Not sure this was all of the disciples. It could have been Peter, James, John and Andrew, but they came out to Jesus and engaged in a private conversation with Him, and Jesus foretold the destruction of the city of Jerusalem.
Verse 2 And Jesus said unto them, See ye not all these things?
Remember this discourse took place on the Mount of Olives which commanded a full view of the city of Jerusalem and the Temple. Jesus and the disciples are looking at the city. They’re looking at the Temple when Jesus said, “See ye not all these things?” Jerusalem, the Temple, the walls, the towers, the beauty, the grandeur, the riches. “Verily I say unto you, There shall not be left here one stone upon another, that shall not be thrown down. Jesus here predicts the city and the Temple’s complete demolition.
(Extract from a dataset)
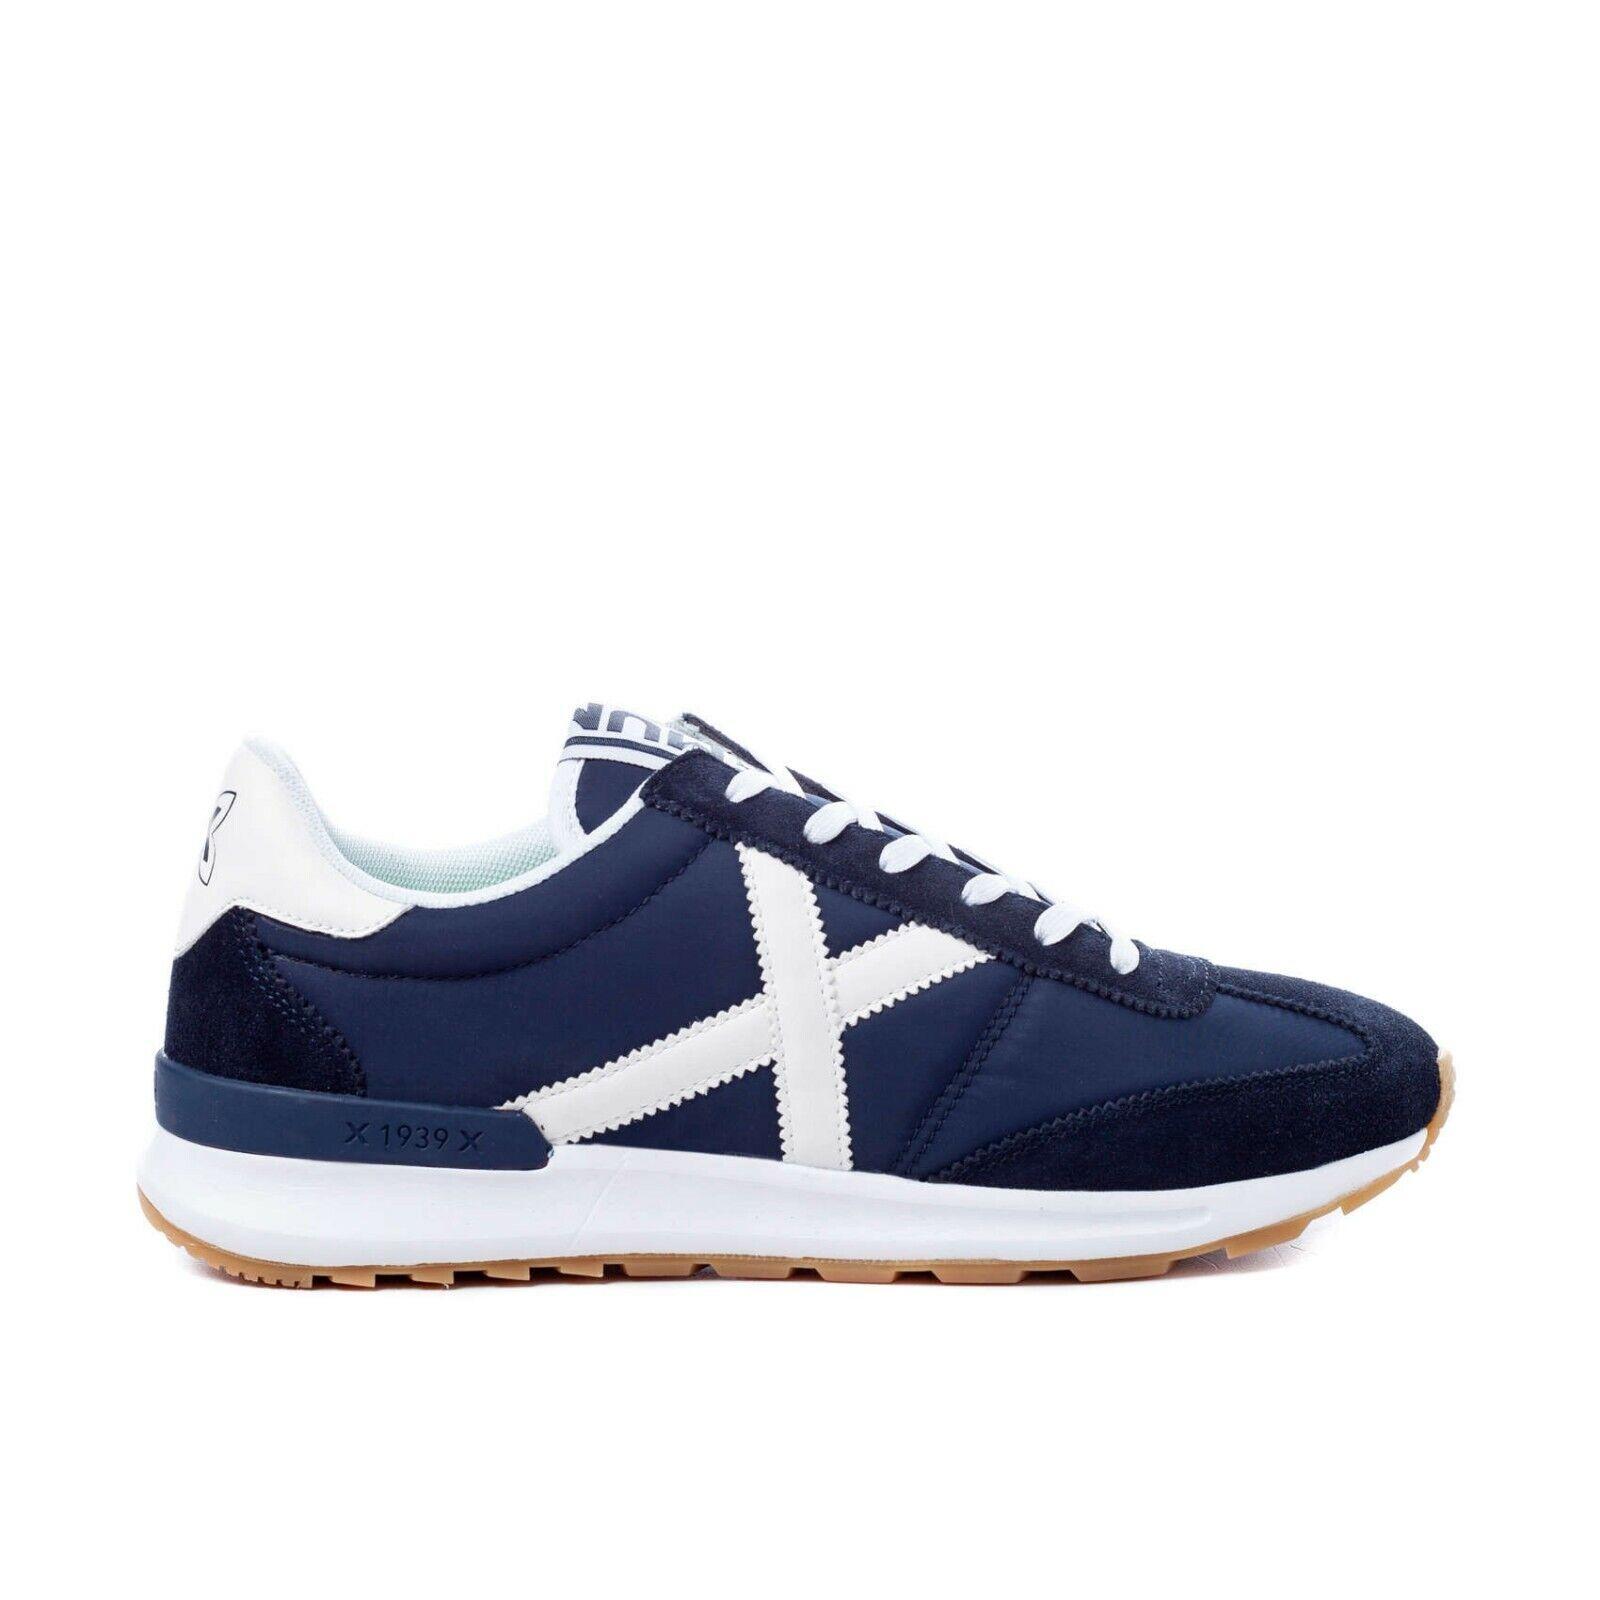 Munich - Men's shoes Sport Dynamo Dynamo Dynamo bluee 870003 Ss19 de7004

Verse three: And as he sat upon the mount of Olives, the disciples came unto him privately, saying, Tell us, when shall these things be? – the destruction of Jerusalem – and what shall be the sign of thy coming, and of the end of the world? Or the end of the age. meaning the end of the Jewish age, the end of the Jewish world, not talking about the end of the world as almost everyone interprets this verse to mean. Jesus is talking about the destruction of Jerusalem, the end of an age, the end of the Jewish system, the end of their city, the end of their Temple, the end of their worship. When shall these things be?
Verse 4 ¶And Jesus answered and said unto them, Take heed that no man deceive you.
5 For many shall come in my name, saying, I am Christ; and shall deceive many.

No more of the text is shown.